- Also known as: The Nate Show
- Genre: Talk show
- Presented by: Nate Berkus
- Country of origin: United States
- Original language: English
- No. of seasons: 2
- No. of episodes: 291

Production
- Executive producers: Oprah Winfrey; Terry Murphy; Corin Nelson;
- Camera setup: Multiple-camera
- Running time: 42 minutes
- Production companies: Nate Berkus Entertainment; Curly One Productions; Harpo Studios; Sony Pictures Television;

Original release
- Network: Syndication
- Release: September 13, 2010 – May 24, 2012

Related
- The Oprah Winfrey Show

= The Nate Berkus Show =

American syndicated talk show (2010–2012)

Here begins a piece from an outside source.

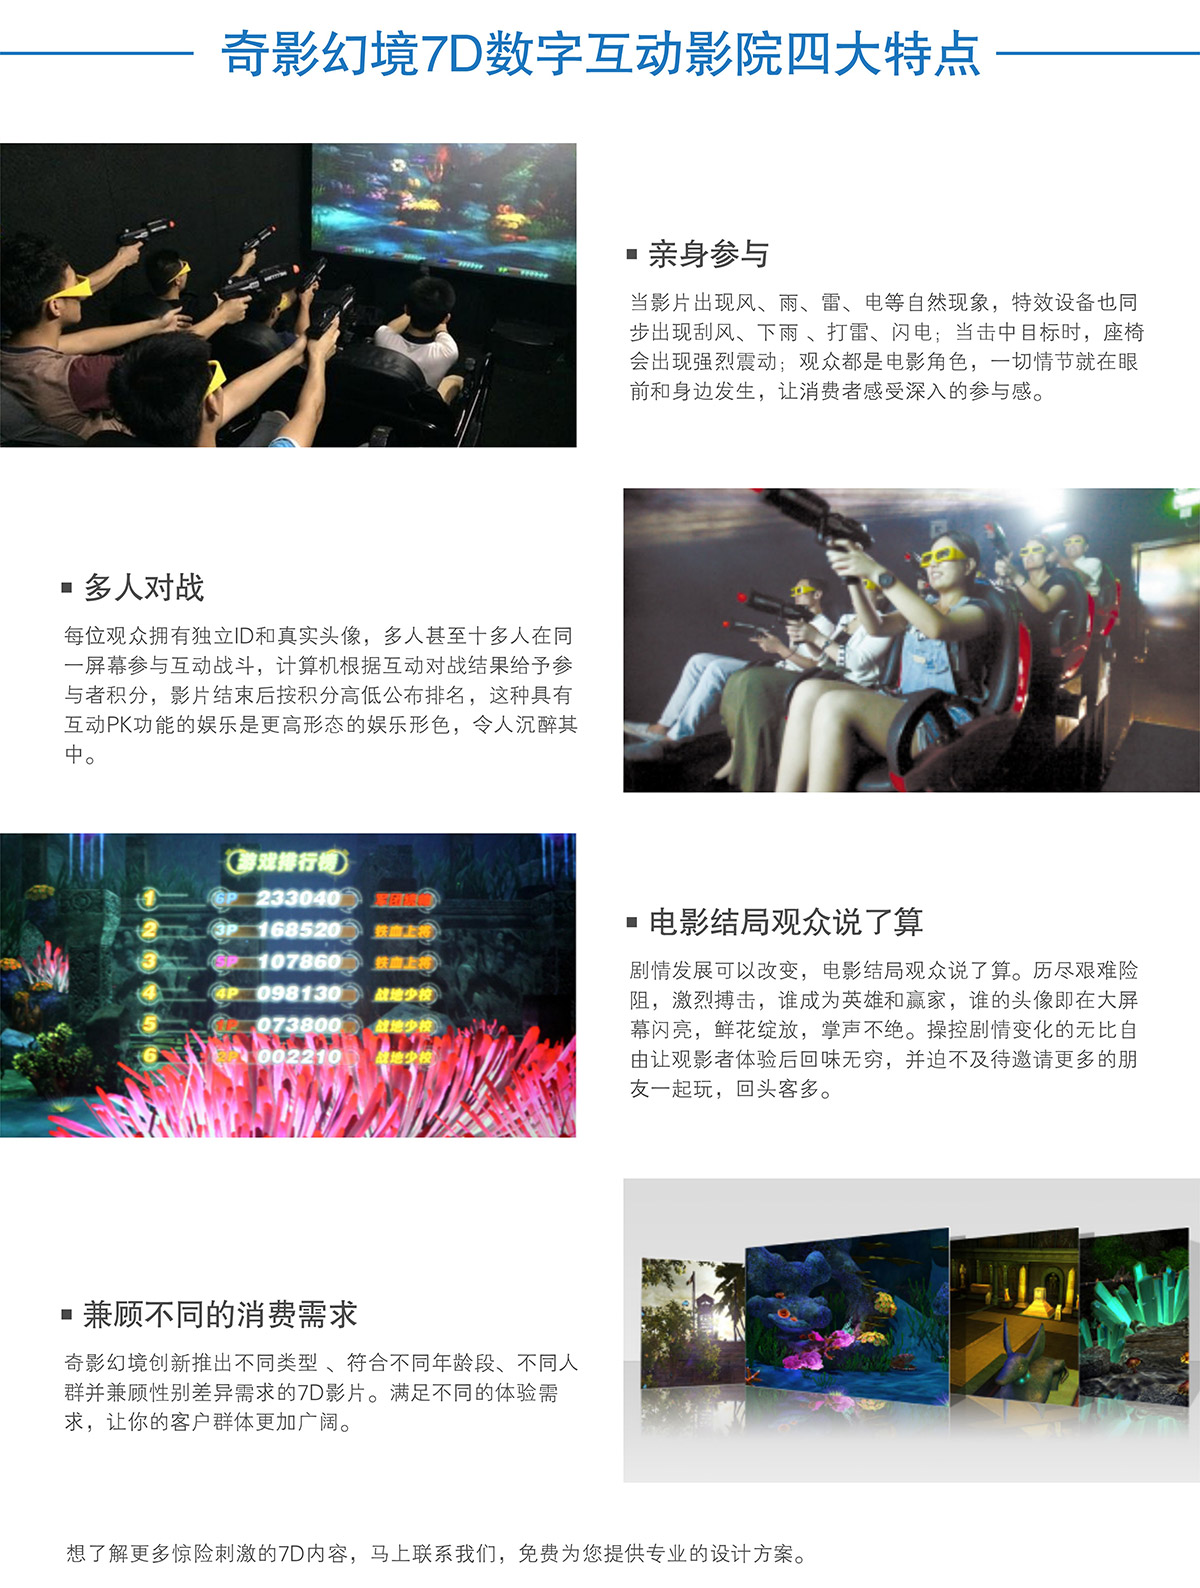 重庆7D数字互动影院四大特点.jpg
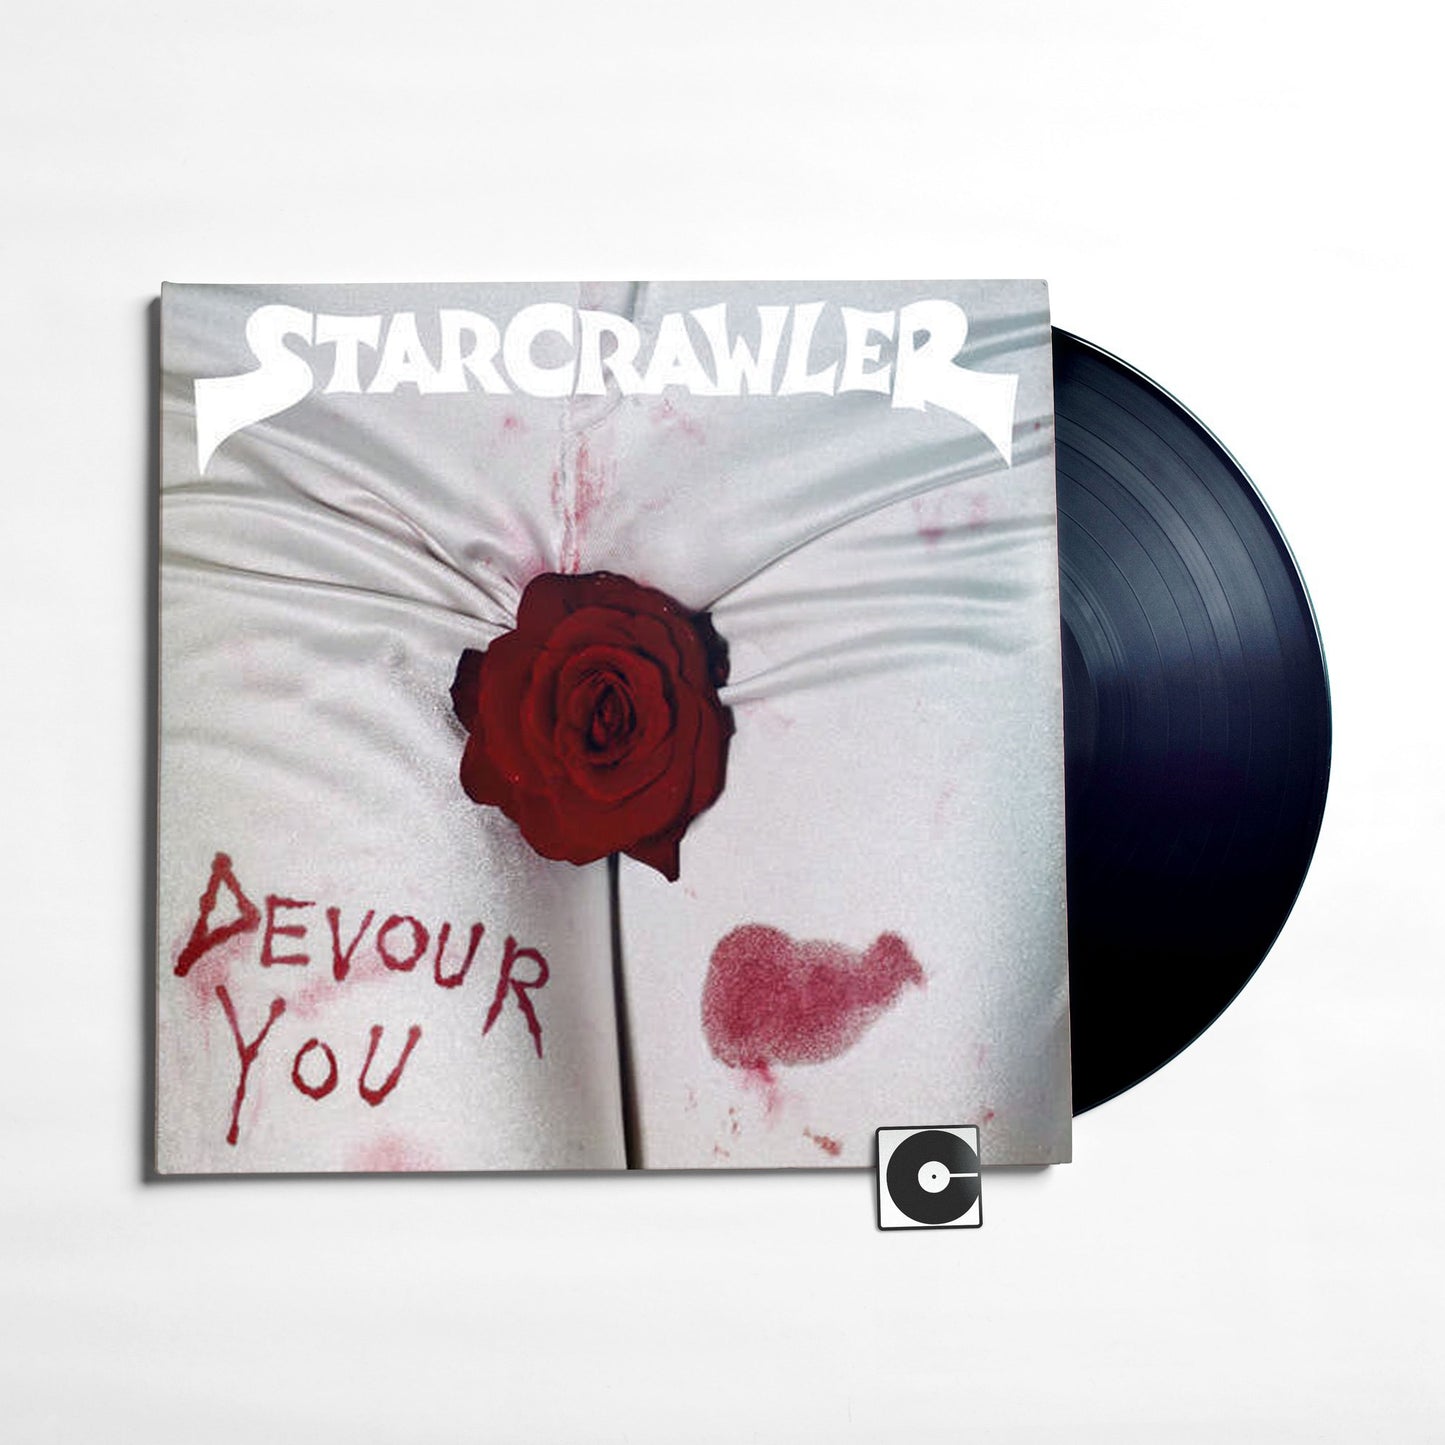 Starcrawler - "Devour You"

The Nate Berkus Show, also known as The Nate Show, is an American talk show that premiered on September 13, 2010, hosted by interior designer Nate Berkus. The series aired on syndication during its original run from September 13, 2010, to May 24, 2012. The Nate Berkus Show is a spin-off of The Oprah Winfrey Show.

In September 2012, the Oprah Winfrey Network purchased the cable rights to The Nate Berkus Show, along with the first five seasons of Rachael Ray.

==Production==
The show was co-produced by Harpo Productions and Sony Pictures Television. It is taped in 1080i (HDTV) in Studio 42 at the CBS Broadcast Center in New York. The series was distributed by Sony Pictures Television, after Sony and NBCUniversal made agreements to launch the show on all 10 NBC owned and operated stations, as well as Harpo Productions.

The show's premiere came in response to the cancellation of The Bonnie Hunt Show, which was not renewed for the 2010–11 television season. As a result, most NBC stations were having trouble finding daytime programming. Broadcasting & Cable reported that NBC syndicated daytime programming, aside from The Ellen DeGeneres Show, "have been largely out of the daytime game, primarily because of low to lukewarm ratings for Bonnie Hunt's show.

In early 2011, Berkus hosted sex therapist Ruth Westheimer on his show, after redoing the living room and dining room of her Manhattan apartment to reduce clutter. She had lived in the apartment for 50 years.

On December 9, 2011, it was announced that the show, which NBC had given a two-year commitment to air, would end after its second season. It remained in production and delivered all scheduled original episodes. The show officially ended on May 24, 2012, with reruns airing through August 31, 2012.

==Ratings==
When the show debuted, The Nate Berkus Show had a 1.1 rating, which was the highest rating for a new daytime talk show during the 2010–11 television season. although the rating showed only half of what the ratings for Dr. Oz was. The ratings stayed stagnant for the entire two-year run, never averaging more than a 1.1, and the Hollywood Reporter stated that Berkus's program ranked #126 in all of syndication at the time of its cancellation.